P. R. - Probablement, il y a encore à trouver. Il y a des jeunes générations d'historiens d'art italiens qui se spécialisent sur des écoles telles que Rome, Naples, Bologne, etc. et qui affinent. De plus, on découvre des peintres tous les jours qui ont eu leur heure de gloire et qui sont tombés dans un semi-oubli. On avancera beaucoup sur le musée Fesch pour autant que les jeunes italiens veuillent se rendre en Corse.
- Cette collection intéresse-t-elle réellement les historiens d'art ?

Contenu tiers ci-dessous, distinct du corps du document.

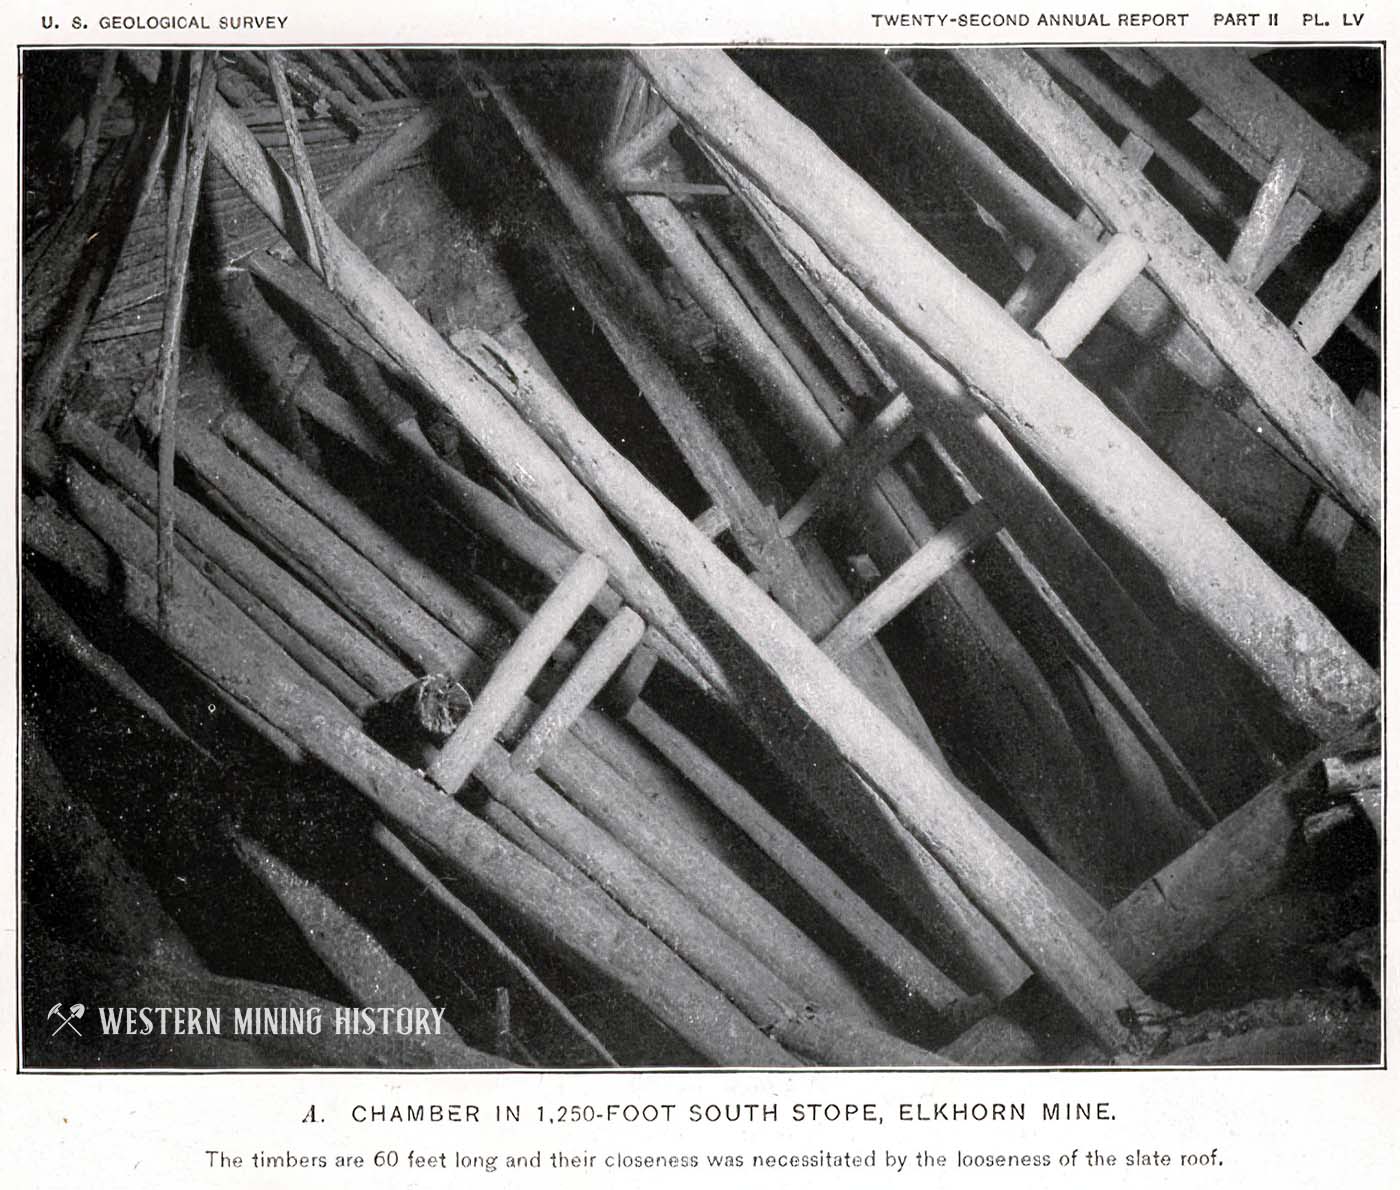 60 foot long timbers at close spacing necessitated by loose slate roof - Elkhorn Mine.
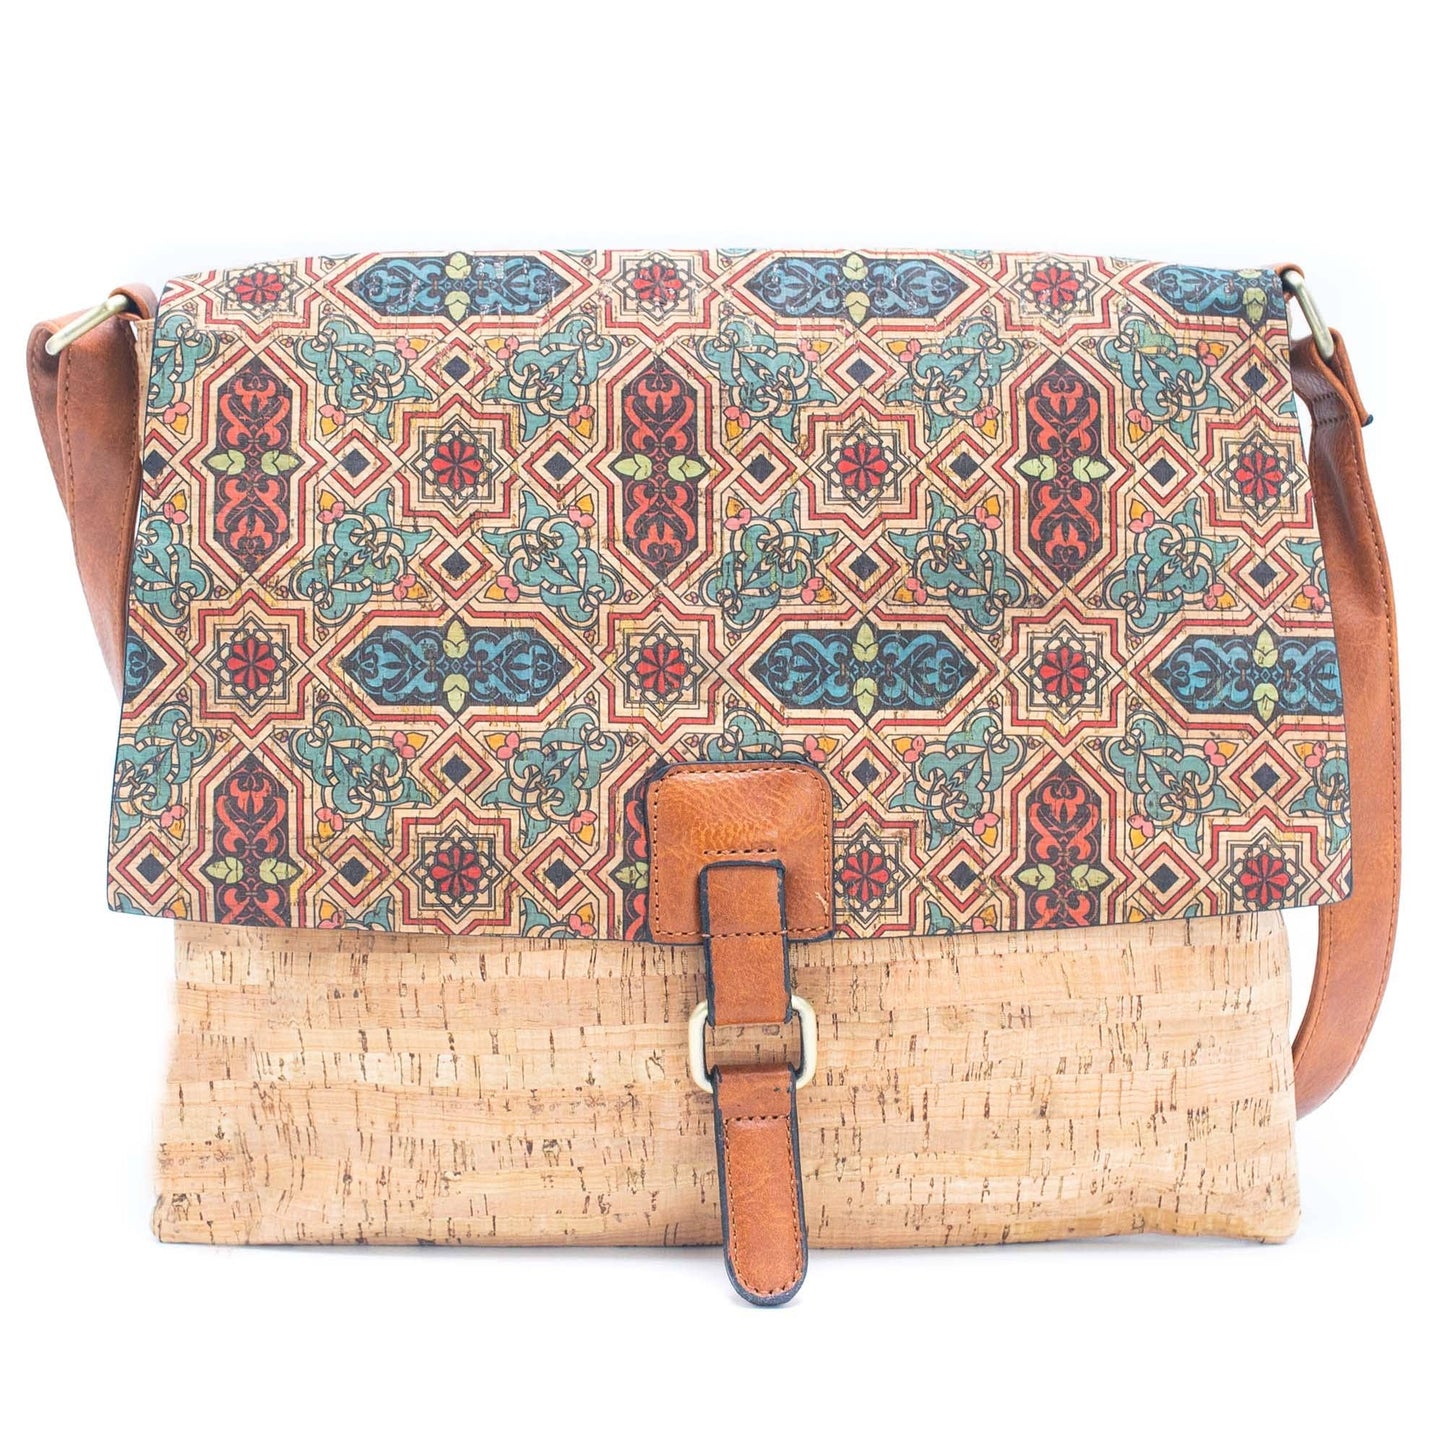 Cork Crossbody Bag with Mosaic and Floral Prints BAGD-464-13

P. R. - Oui, mais les historiens d'art ont mis du temps à découvrir le musée. On ignorait l'existence de ces tableaux. Mais maintenant qu'il y a un tel intérêt pour les XVIIe et XVIIIe siècles italiens, les historiens d'art, qui sont très nombreux à étudier cette période, s'y précipitent et vont s'y précipiter plus encore, pour faire ces petites découvertes qu'ils espèrent faire et qui permettent de réattribuer des tableaux.
- Une telle collection sert donc aussi à s'exercer I'oeil ?
P. R. - S'exercer l'oeil et réattribuer, c'est-à-dire essayer de retrouver aux tableaux leur véritable « papa », parce qu'ils ont très souvent perdu leur identité. La collection Fesch était, justement, une masse de tableaux anonymes dans laquelle il fallait distinguer les meilleurs et donner à ces le nom de leur auteur.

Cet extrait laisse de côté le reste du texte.